At the big Carlsen airfield on Trinidad, Naval Construction Battalion 80 paved runways and
built a giant blimp hangar. Naval Construction Battalion 83 helped cut an eight-mile,
S-curved highway up Trinidad's jungled mountain slopes. Beginning at the sea level town of
Port of Spain and climbing to a height of 1,300 feet, the construction of this road
required that the Seabees move one million cubic yards of earth and rock.
On the Galapagos Islands off Ecuador, Naval Construction Battalion Detachment 1012
outfitted a seaplane base with tank farms, pontoon piers, and a water system. Once this
mission had been successfully accomplished, the detachment moved to Salinas on the
Ecuadorian main- land. There they completed the southernmost seaplane base of the crucial
Pacific sea patrol arc.
More often than not, however, the construction battalions, detachments, and maintenance
units that served in these areas manned bases already completed. Although far from the
receding fronts of war, their tours of duty were, nonetheless, exacting and important.
From the Caribbean and the Americas, the South Atlantic victory road led to North Africa
where the Seabees faced combat for the first time in the Atlantic Theater of Operations.
After landing with American assault forces on 7 November 1942, they proceeded to rapidly
construct military facilities at Oran, Casablanca, Safi and Fedala. Later, while the
Allied armies moved toward Tunisia and their final showdown with the Afrika Korps,
the Seabees built a string of staging and training areas along the northern coast. Also
active on the west coast of Africa, they constructed a huge naval air station at Port
Lyautey, Morocco.
After the Allies had driven the Axis forces out of Tunisia, the Seabees began a large
scale buildup at their new base in Bizerte. There they prepared a new weapon of war, the
steel pontoon, that was to be used for the first time on the invasion beaches of Sicily.
Actually, pontoons were not new to naval warfare. Xerxes had used such devices to cross
the Hellespont when he invaded Greece in the 5th Century B.C. The Seabees, however, had
added some new innovations and cleverly adapted them to the requirements of modern
amphibious warfare. The classic pontoons were standardized in size and fitted with special
tackle so that they could be quickly assembled to form causeways, piers, and other
structures. As a result, these versatile "magic boxes" could be used to meet the
exigencies of any number of situations.
The beaches of Sicily had previously been considered by both the Allies and Axis as an
impossible site for a major amphibious landing.
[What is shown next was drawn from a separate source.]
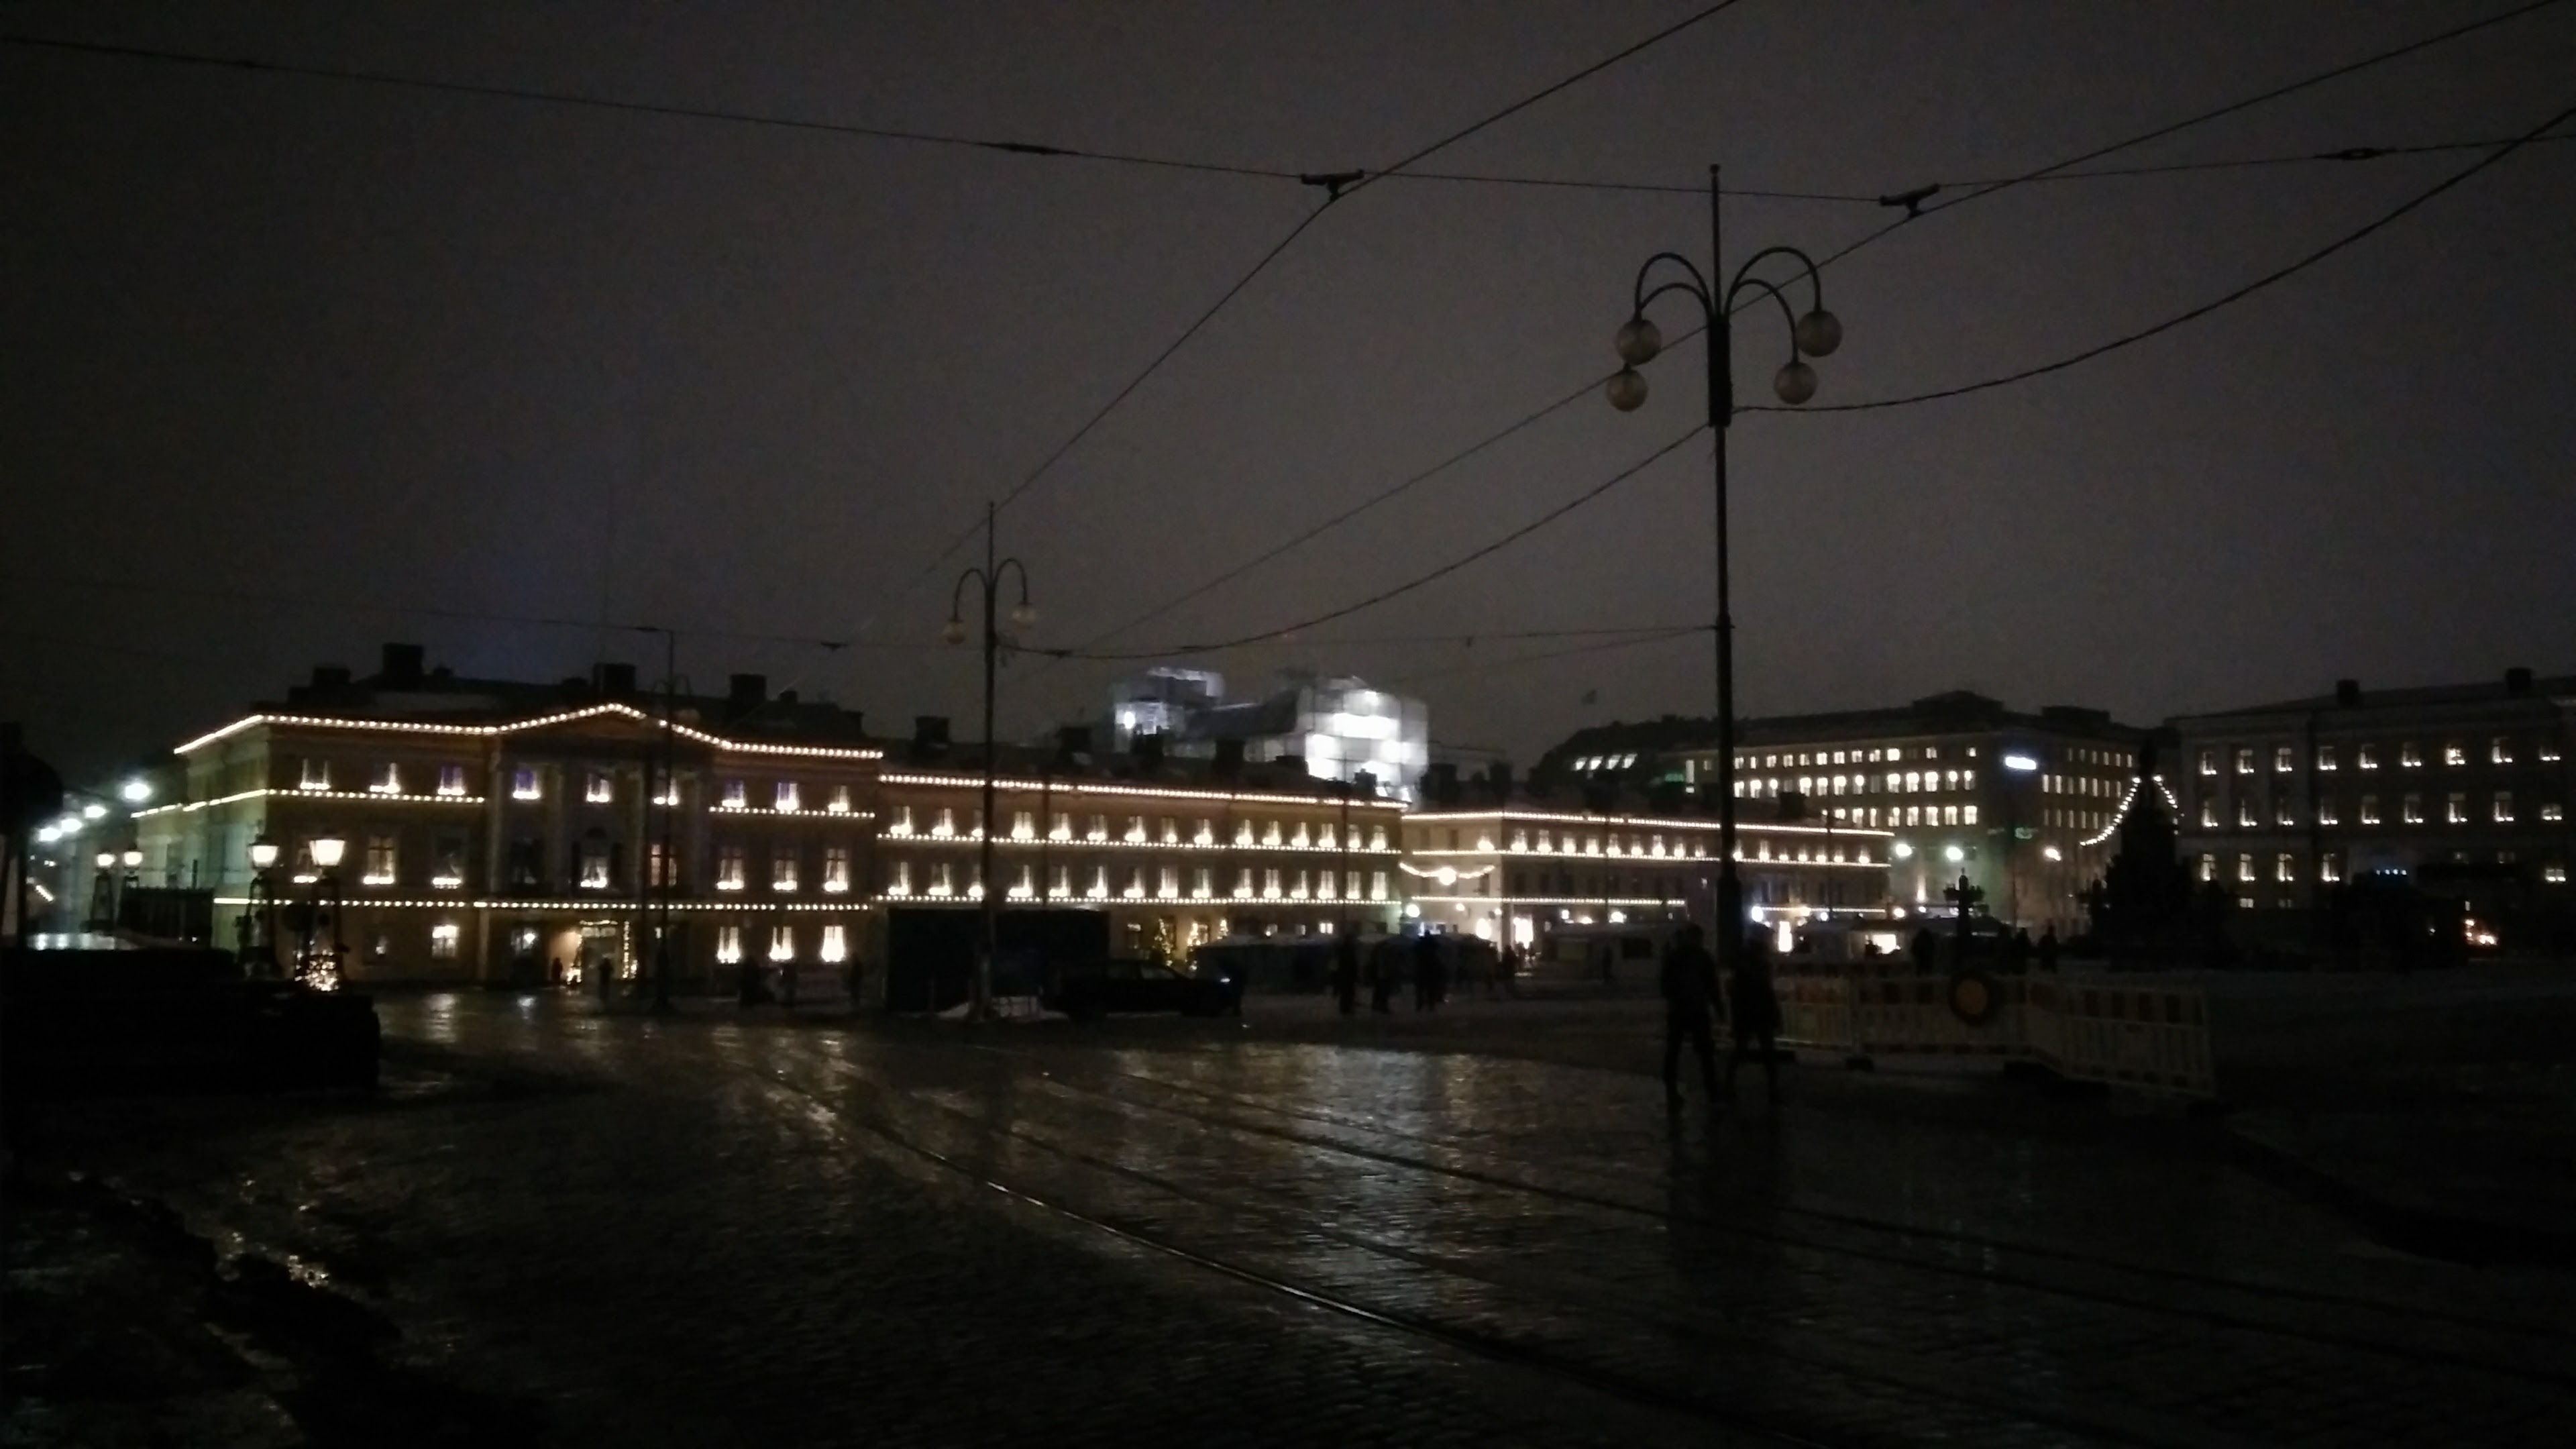 Lighted house behind a dark Senate Square

Nevertheless, with help of the Seabees and
their new pontoons, the Allies were able to carry off a surprise attack on the weakly
defended Sicilian beaches. The enemy was quickly outflanked and overpowered as large
numbers of men and huge amounts of equipment poured ashore over pontoon causeways with a
minimum of casualties and delay. Thus, the Seabees were instrumental in spelling the
beginning of the end for the southern stronghold of the Axis.
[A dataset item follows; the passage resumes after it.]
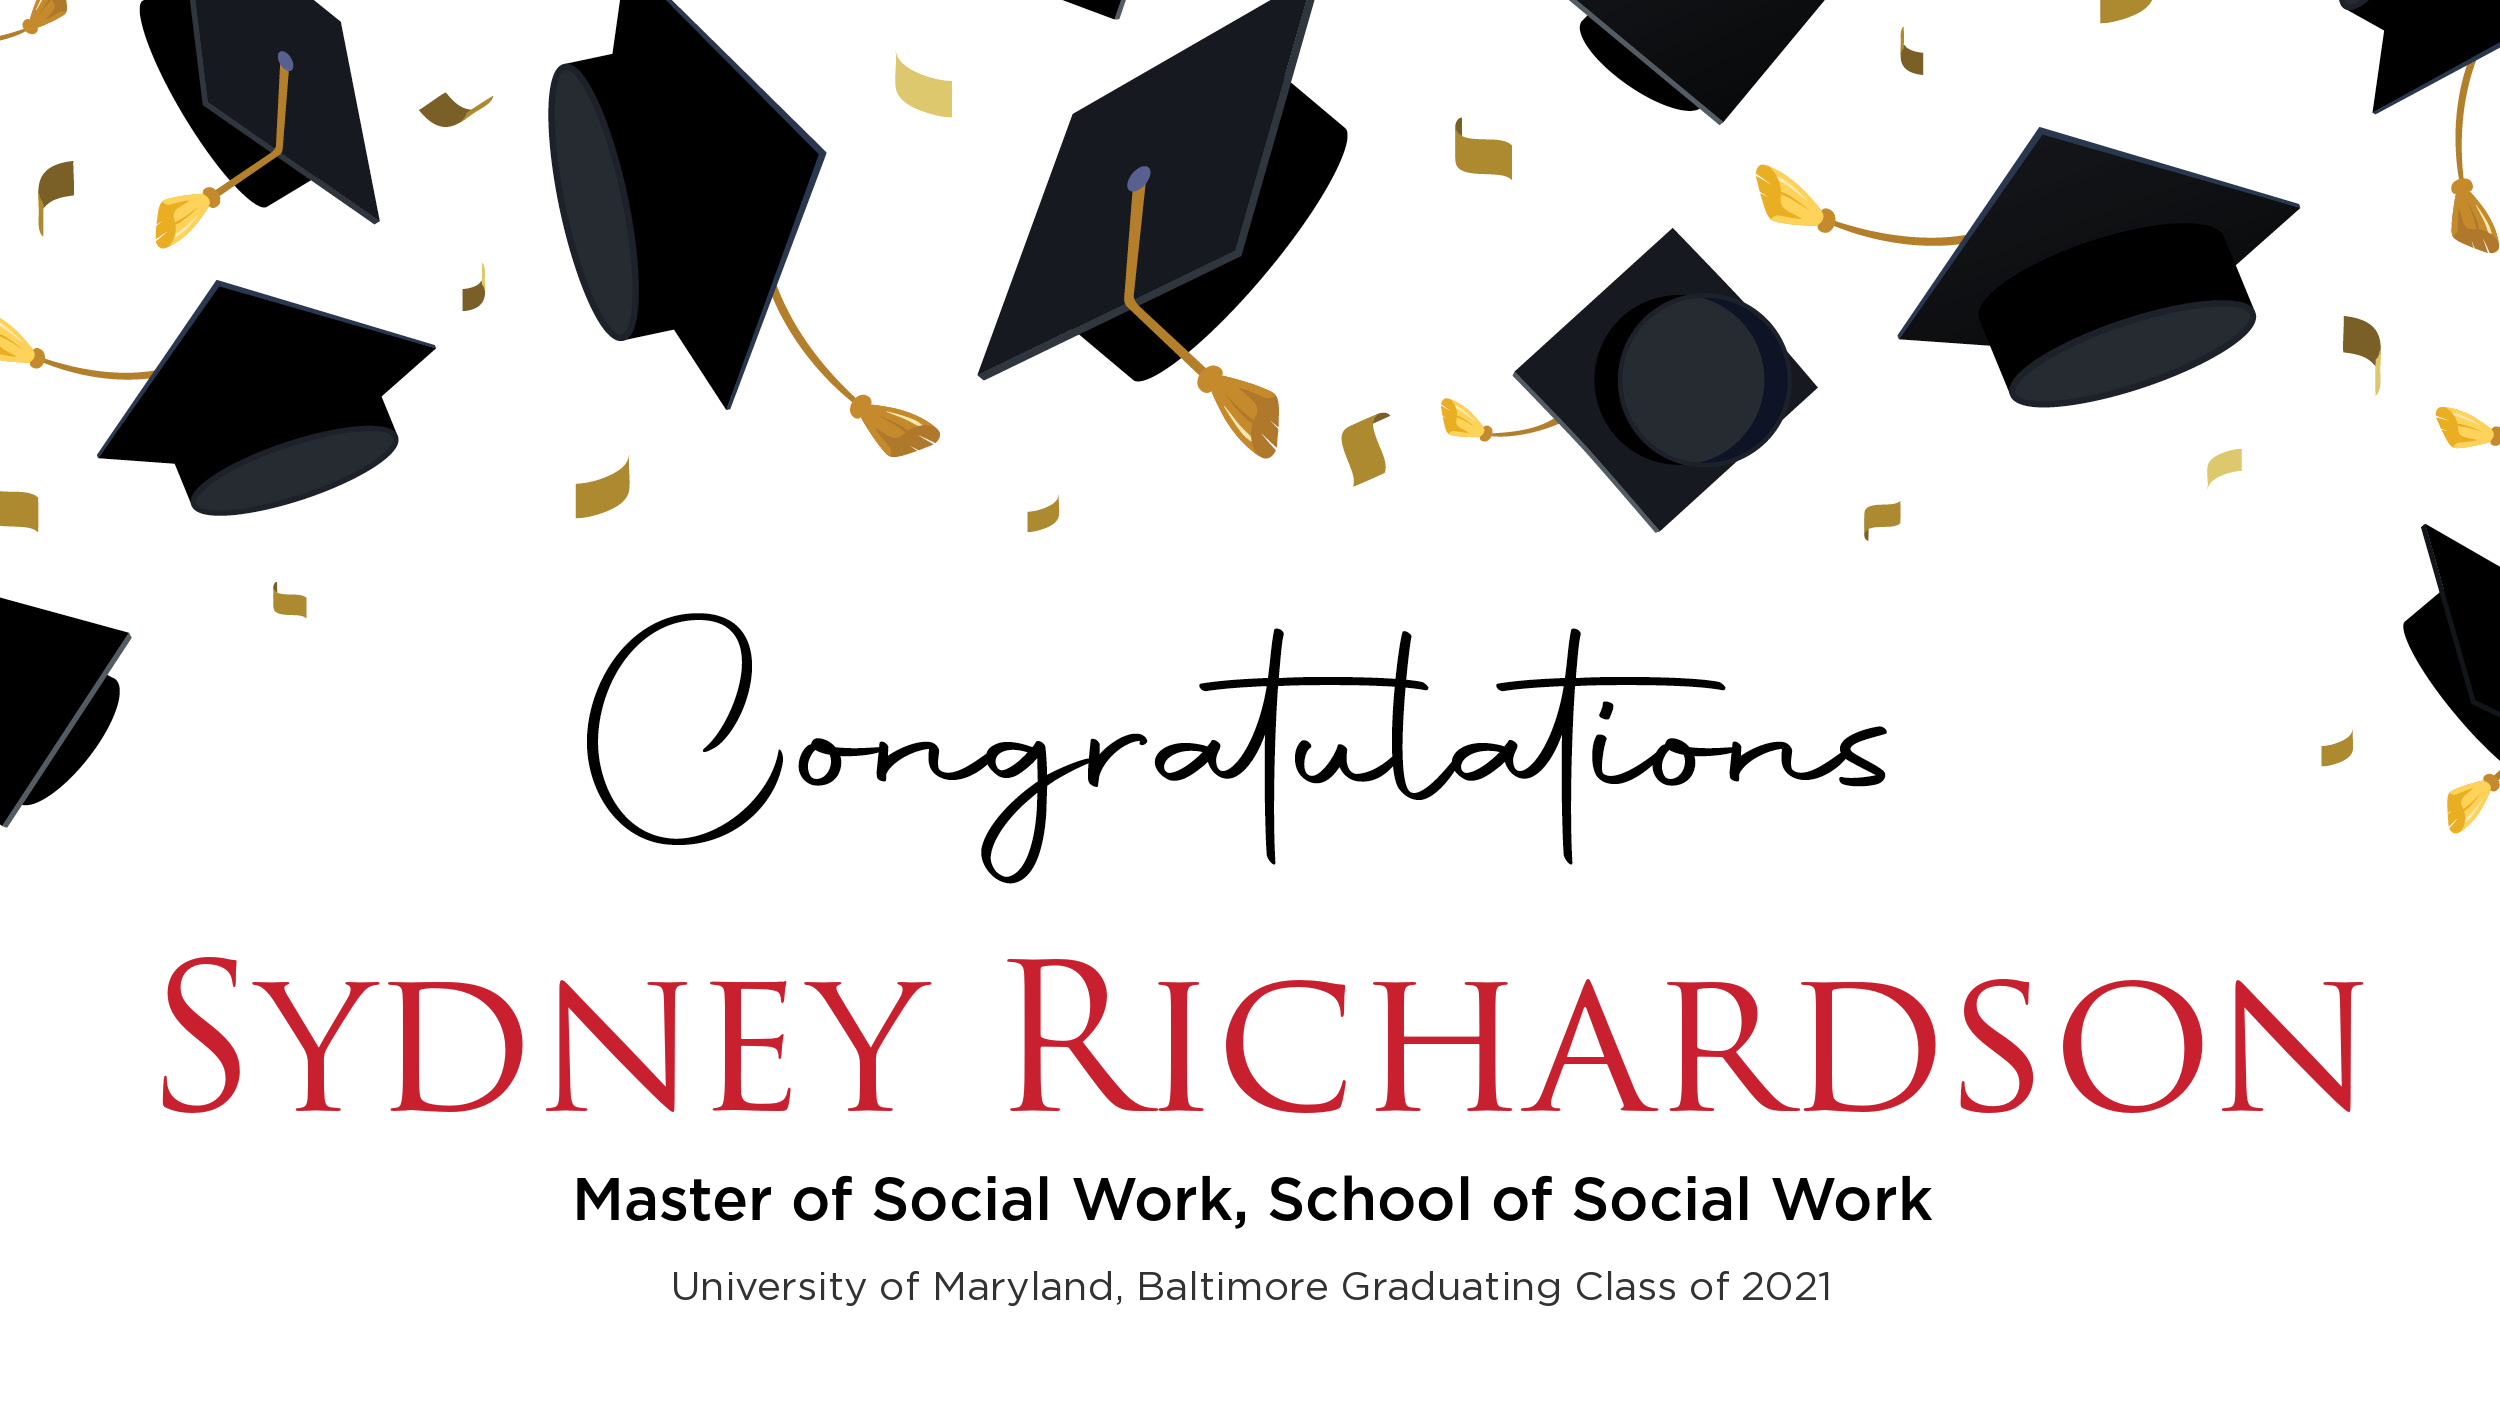 Congratulations Sydney Richardson, Master of Social Work

These same landing techniques were later used at Salerno and Anzio on the Italian
mainland. Unfortunately, the Germans had learned their lesson from the Sicilian debacle,
and this time they were lying in wait. It was in the face of fierce resistance and heavy
bombardment that the Allies suffered heavy casualties as they stormed ashore at both
Salerno and Anzio, and the Seabees absorbed their share of the casualties. At Anzio the
situation was particularly desperate. Anzio had been a diversionary landing behind enemy
lines and, when the Germans staged a massive counterattack, the defenders were in critical
danger of being pushed back into the sea. It was the Seabees' task to keep essential
supplies and ammunition moving across their pontoon causeways to the struggling forces on
their precarious beachhead. Only with their vital assistance were the Allies able to turn
the tide of battle and push inland in the wake of the slowly retreating Germans. For many
months, however, the Seabees remained at Anzio and, under continuous German bombardment,
built cargo handling facilities, unloaded tank landing ships, and kept supplies moving to
the front. German resistance in Southern Italy finally collapsed and Rome was taken on 4
June 1943. Even so, the Seabees had one more task in the Mediterranean, the invasion of
Southern France through Toulon. While this was a relatively important job, it was eclipsed
by the much bigger assignment they were handed on the North Atlantic road to victory, the
Normandy invasion.
Although Seabee accomplishments on the North Atlantic road eventually culminated in the
Normandy invasion, operations in that area had begun as early as March of 1942.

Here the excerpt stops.